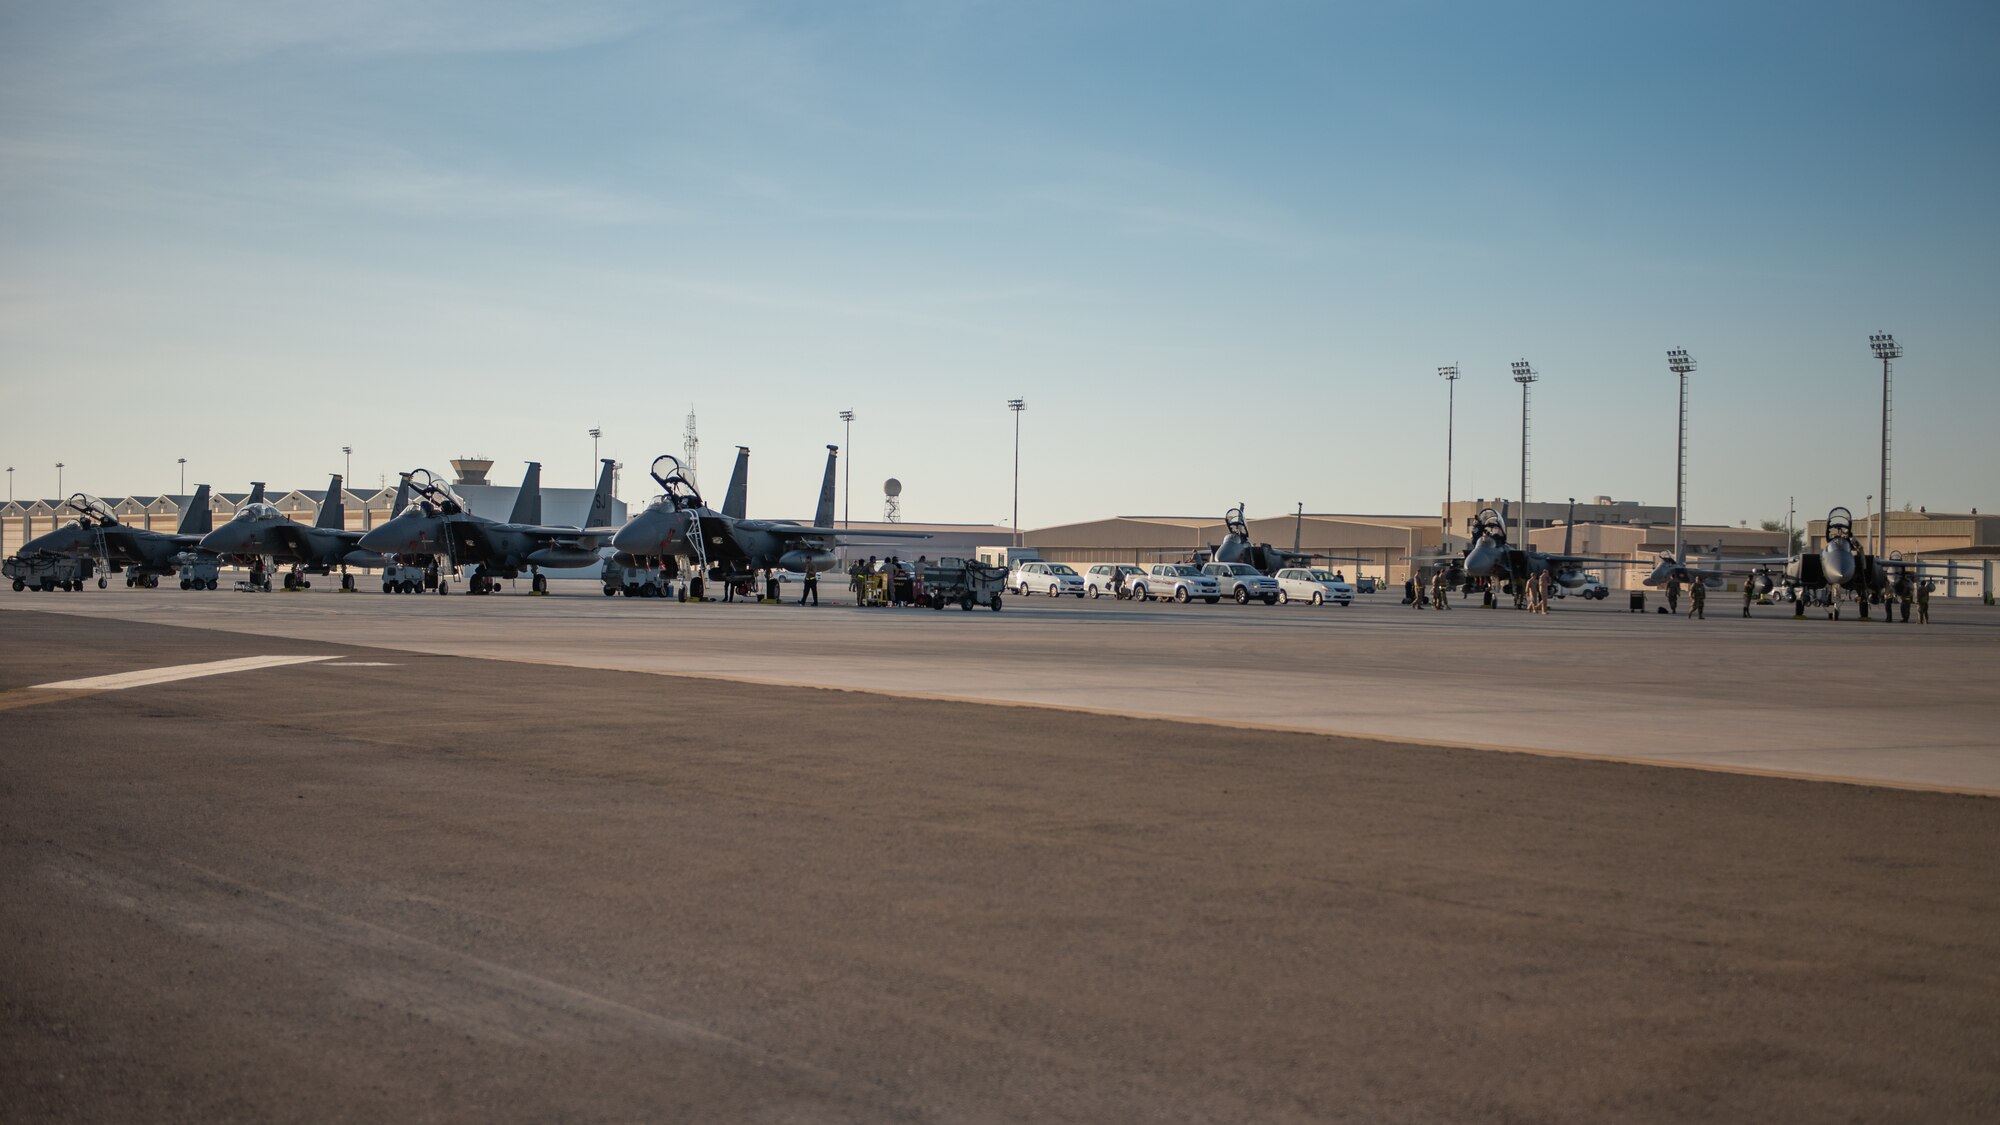 Seven F-15E Strike Eagles from the 336th Fighter Squadron, 4th Fighter Wing at Seymour Johnson Air Force Base, North Carolina sit on the airfield at Al Dhafra Air Base, United Arab Emirates, June 14, 2019. The F-15E’s joined ADABs inventory of other fighters to include F-15C Eagles and F-35A Lightning IIs. (U.S. Air Force photo by Staff Sgt. Chris Thornbury)
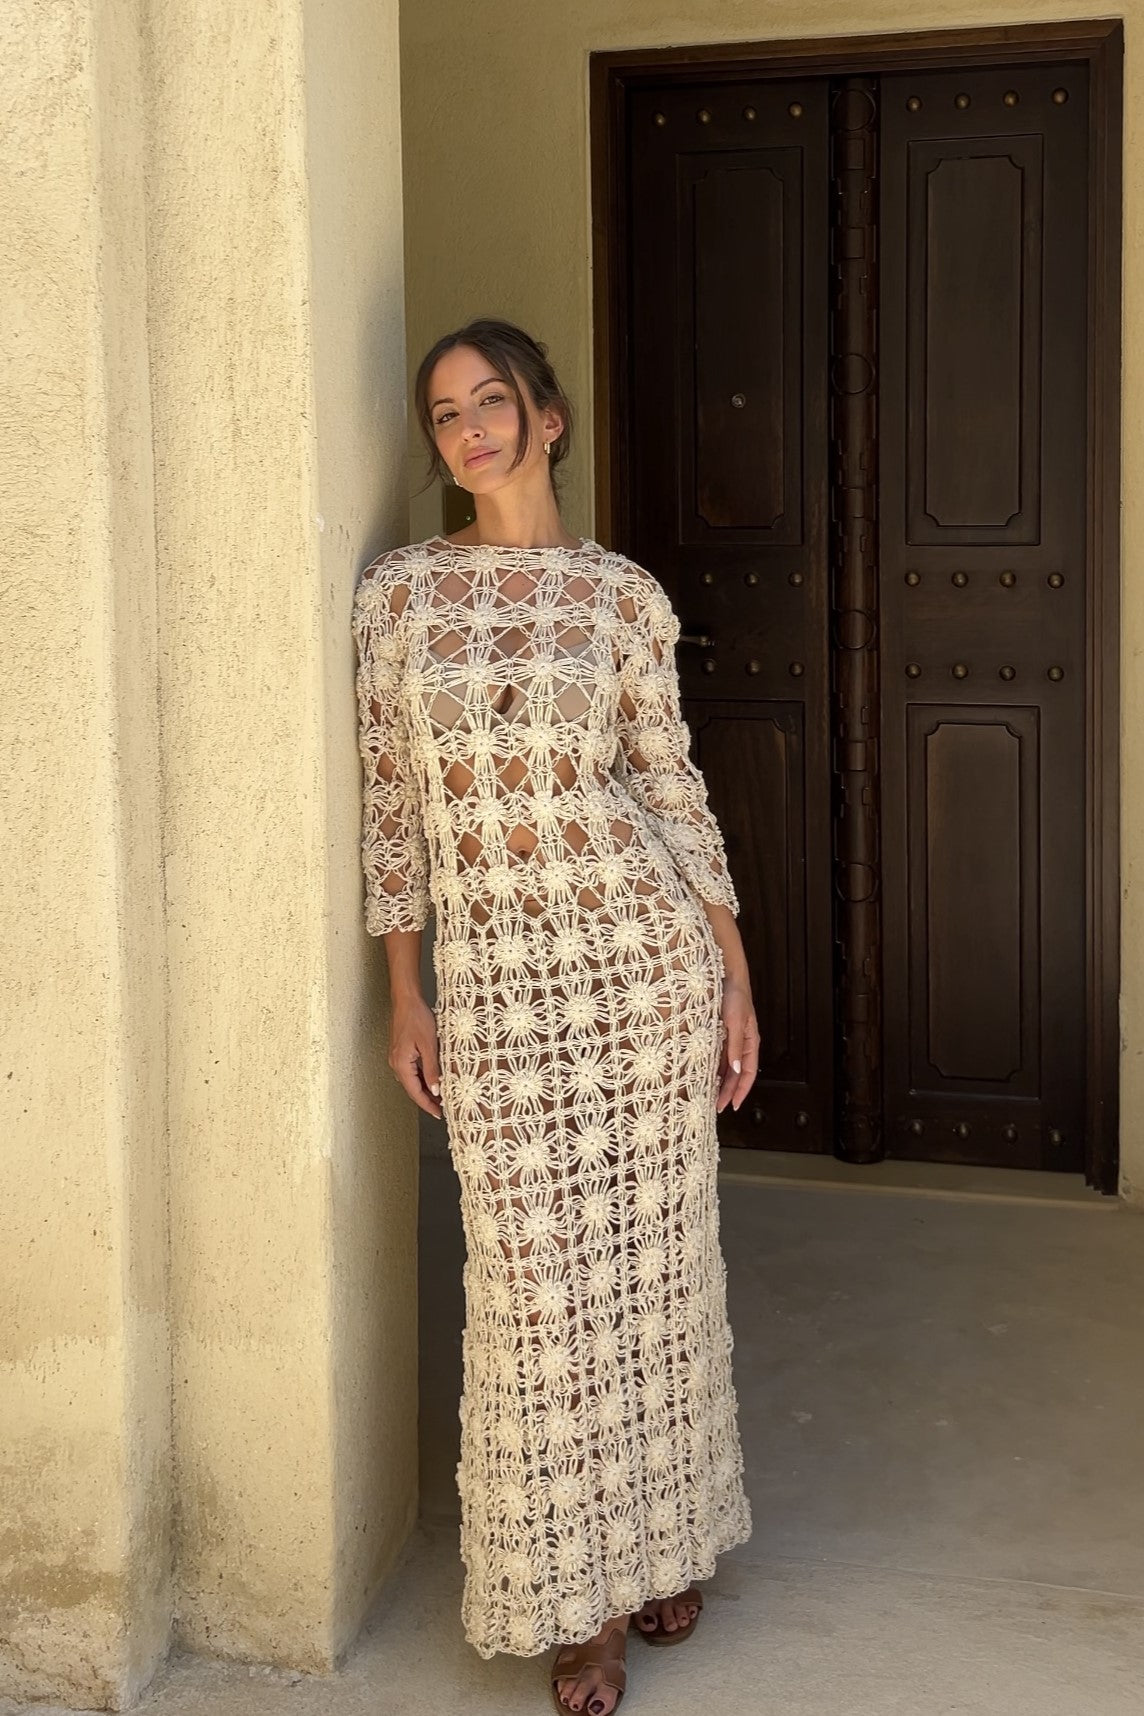 BEIGE HANDMADE LONG DRESS WITH KNITTED FLOWERS
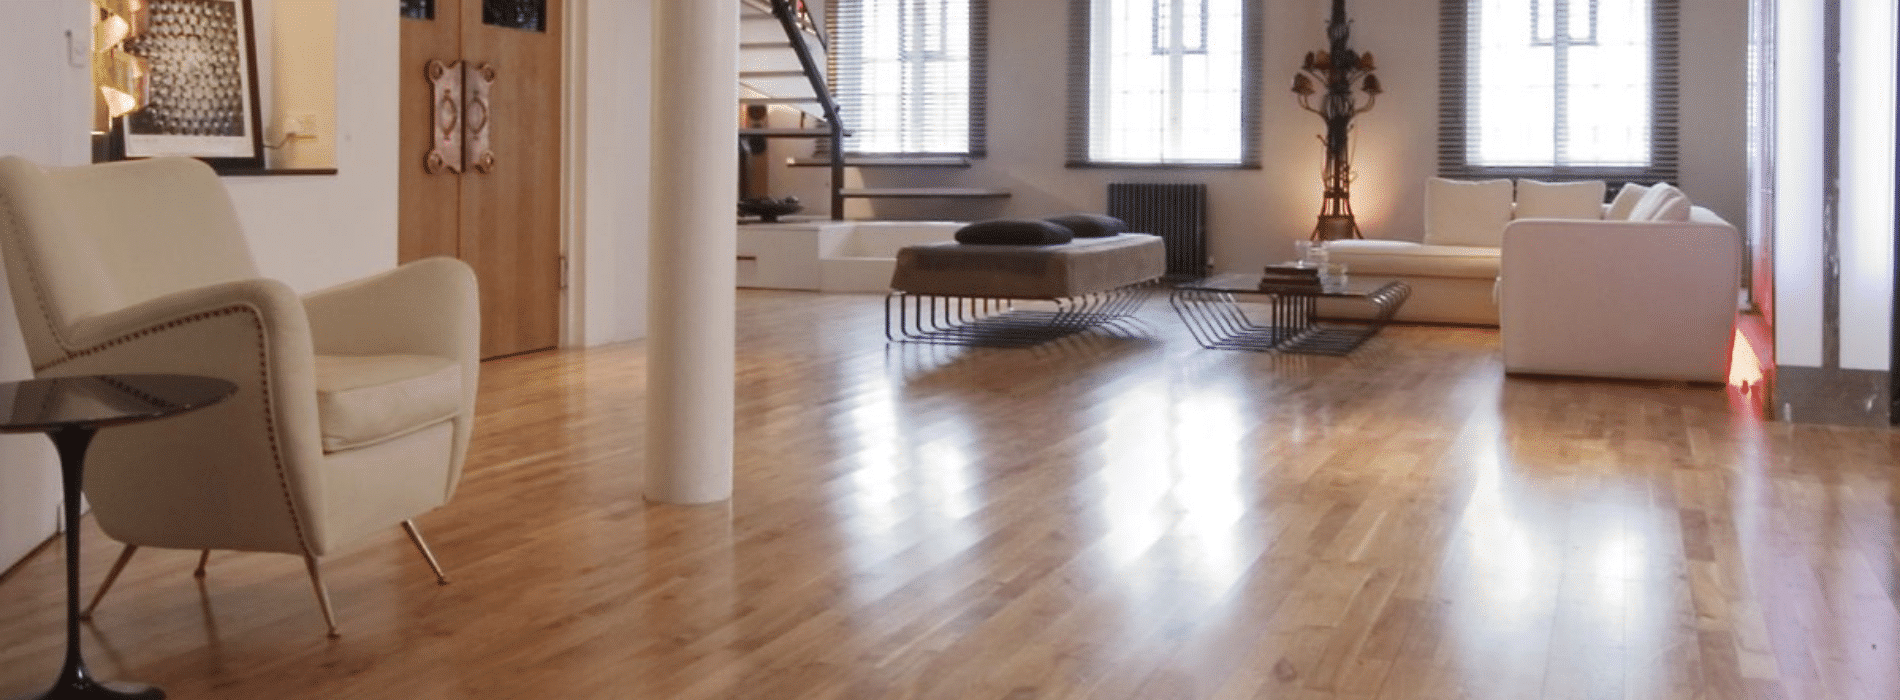 Professionally restored 8-year-old hardwood floor in West Hampstead, NW6. Mr Sander® used Bona 2.2K Frost whitewashing and Traffic HD matte lacquer for a durable, low sheen finish. Enjoy the timeless elegance of our high-quality floor restoration services.

○ ○ ○

Could you retype exactly the lines running from the one with "BEIGE HANDMADE LONG" to the end of the material above, pictures omitted?

 BEIGE HANDMADE LONG DRESS WITH KNITTED FLOWERS
 Professionally restored 8-year-old hardwood floor in West Hampstead, NW6. Mr Sander® used Bona 2.2K Frost whitewashing and Traffic HD matte lacquer for a durable, low sheen finish. Enjoy the timeless elegance of our high-quality floor restoration services.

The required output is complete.